이 노트북은 AutoGluon을 사용하여 다양한 회귀 모델을 학습하고 앙상블(Voting, Stacking) 성능을 테스트합니다.
참조: `Plus_7_ensemble.ipynb`

In [1]:
import numpy as np
import pandas as pd
from sklearn.datasets import fetch_california_housing
from sklearn.model_selection import train_test_split
from autogluon.tabular import TabularDataset, TabularPredictor

np.set_printoptions(precision=4)

  from .autonotebook import tqdm as notebook_tqdm


### 1. 데이터 로드 및 전처리

In [2]:
data = fetch_california_housing()
df = pd.DataFrame(data.data, columns=data.feature_names)
df['MedHouseVal'] = data.target

print("데이터 크기:", df.shape)
df.head()

데이터 크기: (20640, 9)


Unnamed: 0,MedInc,HouseAge,AveRooms,AveBedrms,Population,AveOccup,Latitude,Longitude,MedHouseVal
0,8.3252,41.0,6.984127,1.02381,322.0,2.555556,37.88,-122.23,4.526
1,8.3014,21.0,6.238137,0.97188,2401.0,2.109842,37.86,-122.22,3.585
2,7.2574,52.0,8.288136,1.073446,496.0,2.80226,37.85,-122.24,3.521
3,5.6431,52.0,5.817352,1.073059,558.0,2.547945,37.85,-122.25,3.413
4,3.8462,52.0,6.281853,1.081081,565.0,2.181467,37.85,-122.25,3.422


In [3]:
# 학습/테스트 데이터 분리
train_data, test_data = train_test_split(df, test_size=0.2, random_state=42)

print("Train size:", train_data.shape)
print("Test size:", test_data.shape)

Train size: (16512, 9)
Test size: (4128, 9)


### 2. 모델 학습 설정 (Hyperparameters & Ensemble)
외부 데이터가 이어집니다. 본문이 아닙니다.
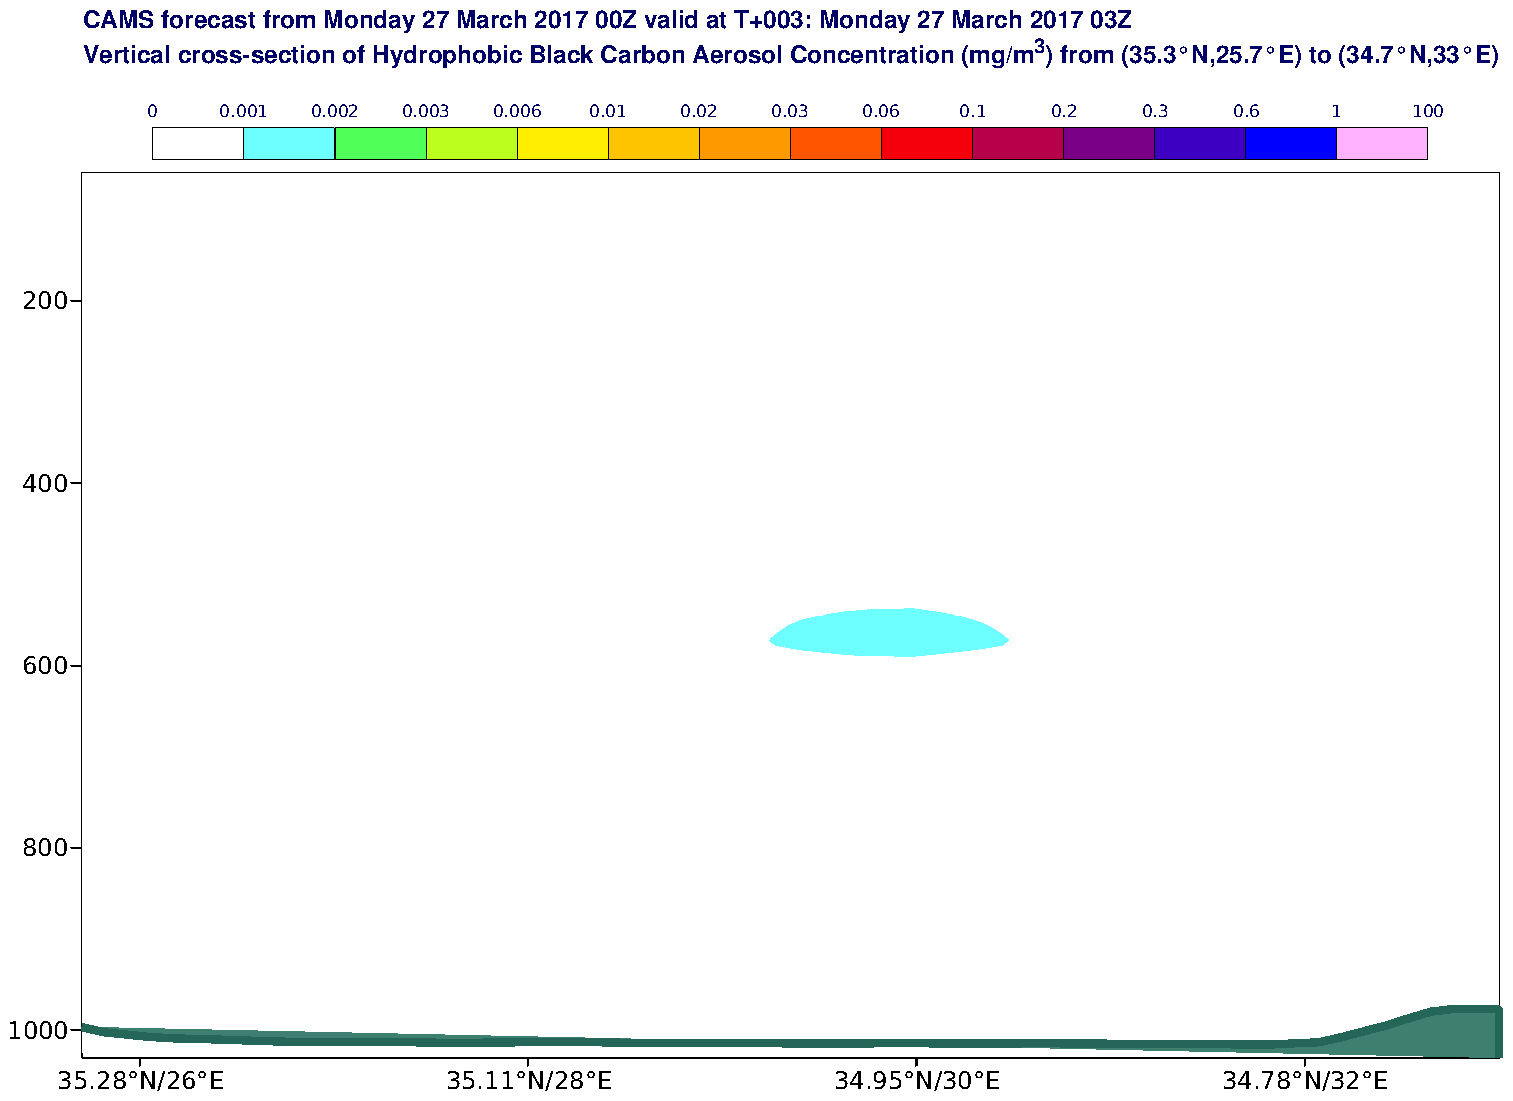 Vertical cross-section of Hydrophobic Black Carbon Aerosol Concentration (mg/m3) valid at T3 - 2017-03-27 03:00
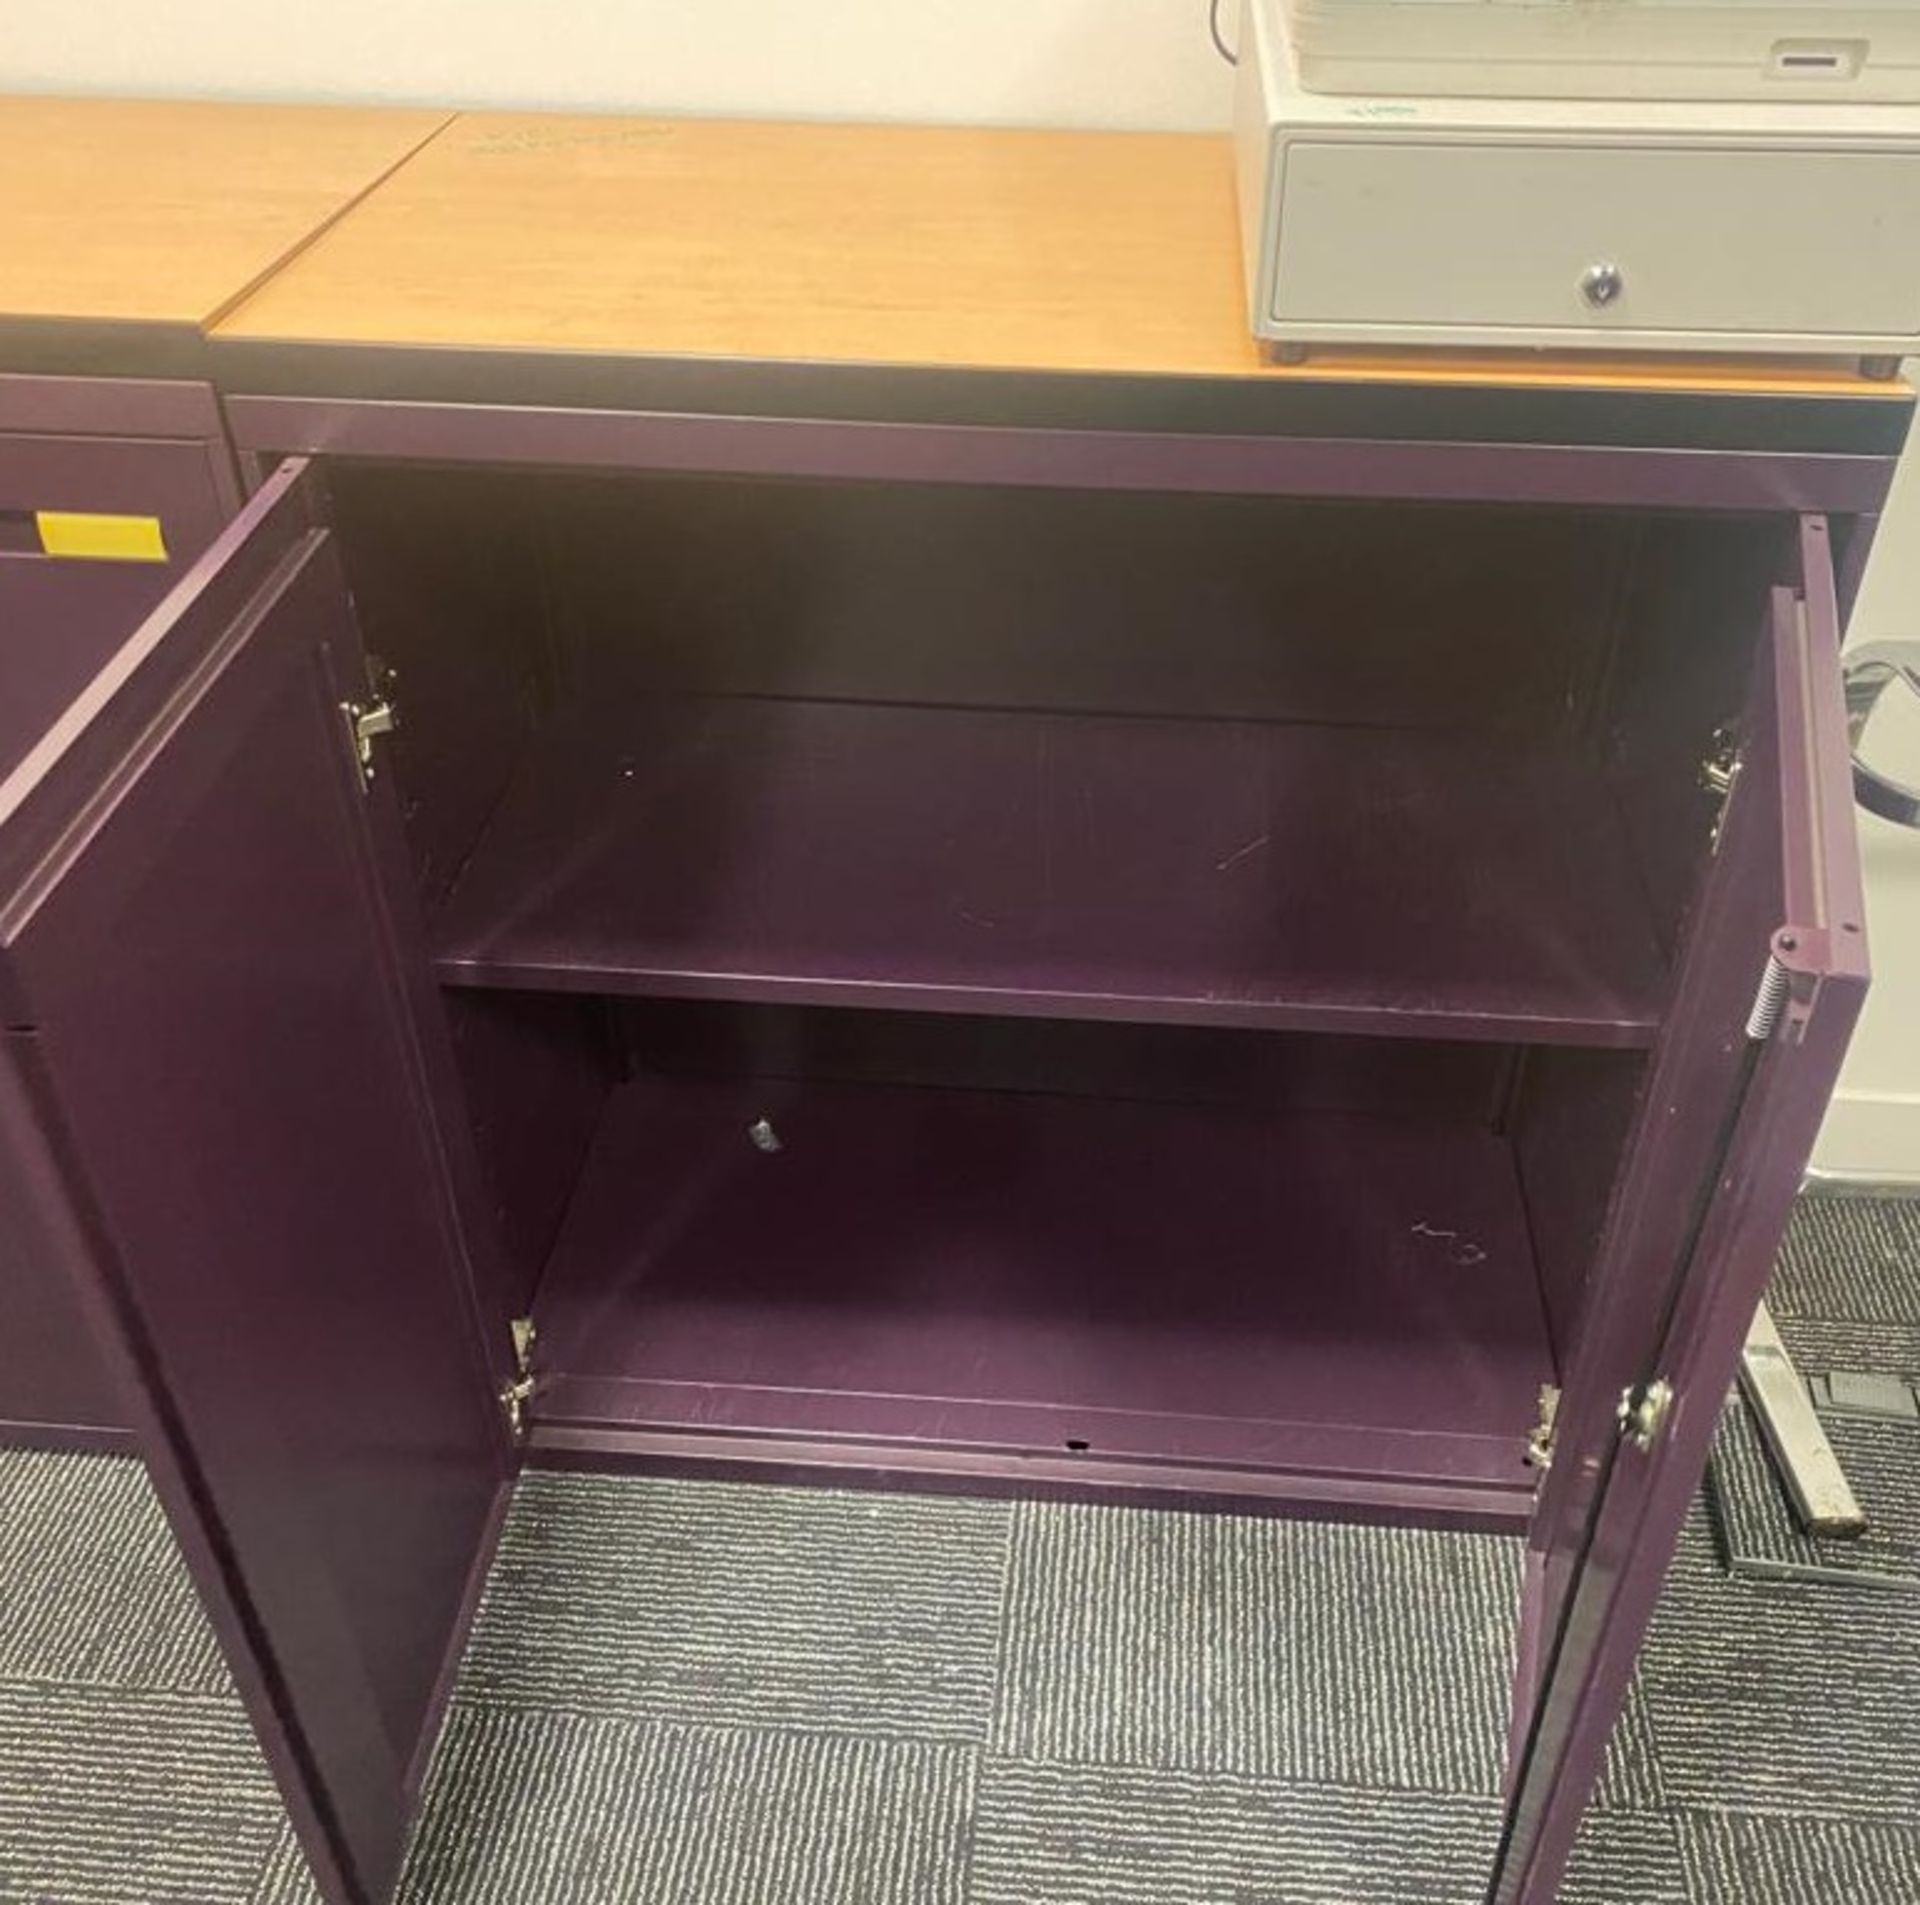 1 x Office Storage Cabinet For Files/Stationary - Features a Contemporary Purple Finish - Image 3 of 3

- **사용 모델**: GBM (LightGBM), XGB (XGBoost), CAT (CatBoost), RF (Random Forest)
- **앙상블 전략**:
    - **Voting (Weighted Ensemble)**: AutoGluon은 기본적으로 성능이 좋은 모델들의 가중 평균(Weighted Ensemble)을 생성합니다.
    - **Stacking**: `num_bag_folds`를 설정하여 K-Fold Bagging 및 Stacking을 수행합니다.

In [4]:
label = 'MedHouseVal'
eval_metric = 'mean_squared_error'  # 회귀 문제 평가 지표

# 1. 특정 모델 지정 (GBM, XGB, CAT, RF)
# AutoGluon에서 'GBM'은 LightGBM을 의미합니다.
hyperparameters = {
    'GBM': {}, 
    'XGB': {}, 
    'CAT': {}, 
    'RF': {}
}

# 2. Stacking 설정
# num_bag_folds >= 2 이면 스태킹(Stacking)이 활성화됩니다.
num_bag_folds = 5  
num_stack_levels = 1 # 스태킹 레이어 수 (0이면 Bagging만, 1 이상이면 Stacking)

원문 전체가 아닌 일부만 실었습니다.